Eine Auslieferung nach EU-Haftbefehl ist also nicht möglich, wenn ein Verstoß gegen die Menschenwürde und rechtsstaatliche Grundsätze zu befürchten ist. Schon das ist eine wichtige rechtliche Botschaft des Beschlusses. Aber bei weitem nicht die einzige.
Was ist das Besondere an diesem Fall, also die "Ebene dahinter"?
Nun könnte man sagen: Karlsruhe schützt Grundrechte - das ist doch der Job des Gerichts. Der Nachrichtenwert liegt aber schon in folgender Feststellung: Karlsruhe prüft und entscheidet diesen Fall! Weil es (zumindest indirekt) um EU-Recht geht, ist das keinesfalls selbstverständlich. Denn das Gericht hätte auch sagen können: "EU-Recht ist nicht unser Job - Klage unzulässig." Hat es aber nicht. Dahinter steckt eine lange Vorgeschichte im Verhältnis der deutschen und europäischen Grundrechte sowie - quasi parallel - im Verhältnis von Bundesverfassungsgericht und Europäischem Gerichtshof in Luxemburg.
Welche Grundregeln gelten im Zusammenspiel von EU-Recht, nationalem Recht und den verschiedenen Gerichten?
Ausgangspunkt ist zunächst: Beim Thema "Grundrechtsschutz" gibt es zwei unterschiedliche Rechtsquellen, quasi zwei "Gesetzbücher". Die Grundrechte im deutschen Grundgesetz; und die Grundrechte der EU, inzwischen zusammengefasst in der "EU-Grundrechtecharta".

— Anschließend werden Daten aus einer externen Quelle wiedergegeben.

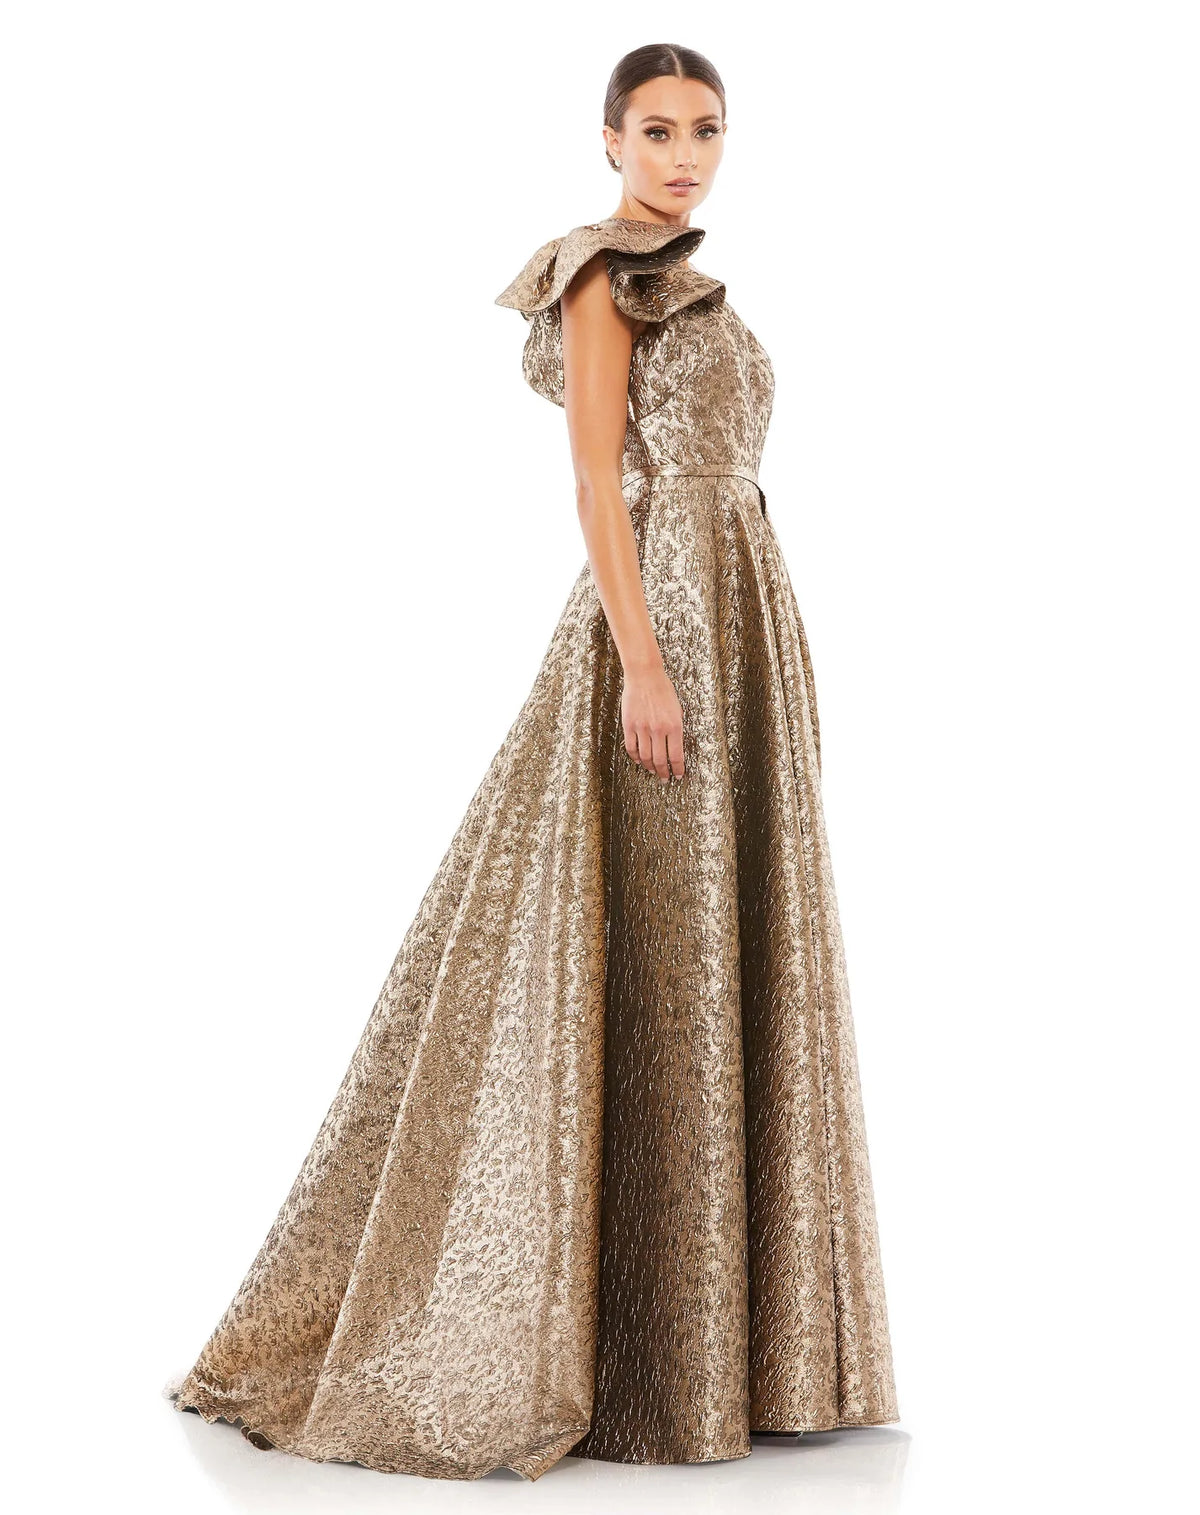 This stunningly elegant, one-shoulder metallic brocade antique gold, ball gown is a truly show-stopping evening dress accented with asymmetric chest detail, bow-detail on the shoulder, a cinched in waist and a beautiful full skirt with a thigh high split. This A line ball gown is perfect for proms, black-tie affairs, weddings and special events!

Deutsche Gesetze und Hoheitsakte müssen dem Grundgesetz entsprechen - das prüft das Bundesverfassungsgericht. EU-Rechtsnormen müssen der EU-Grundrechtecharta entsprechen - die Auslegung und Anwendung von EU-Recht überprüft der Europäische Gerichtshof (EuGH) in Luxemburg. Grundsätzlich gilt dabei: Dem EU-Recht kommt in der Praxis ein "Anwendungsvorrang" zu. Kollidiert es mit nationalem Recht, muss das nationale Recht also zur Seite treten und wird nicht angewandt.
Mehrere Grundrechtskataloge und mehrere Gerichte - das birgt Konfliktstoff und kann zur Frage führen, bei welchem Gericht man nach welchen Rechten Schutz bekommt. Wenn Deutschland Hoheitsrechte auf die EU übertragen hat, kann sich immer die Frage stellen: Wurden wirklich jegliche Kompetenzen abgegeben? Sind die nationalen Gerichte gar nicht mehr zuständig, sondern ausschließlich der EuGH?
Was hat das alles mit dem "normalen Bürger" zu tun?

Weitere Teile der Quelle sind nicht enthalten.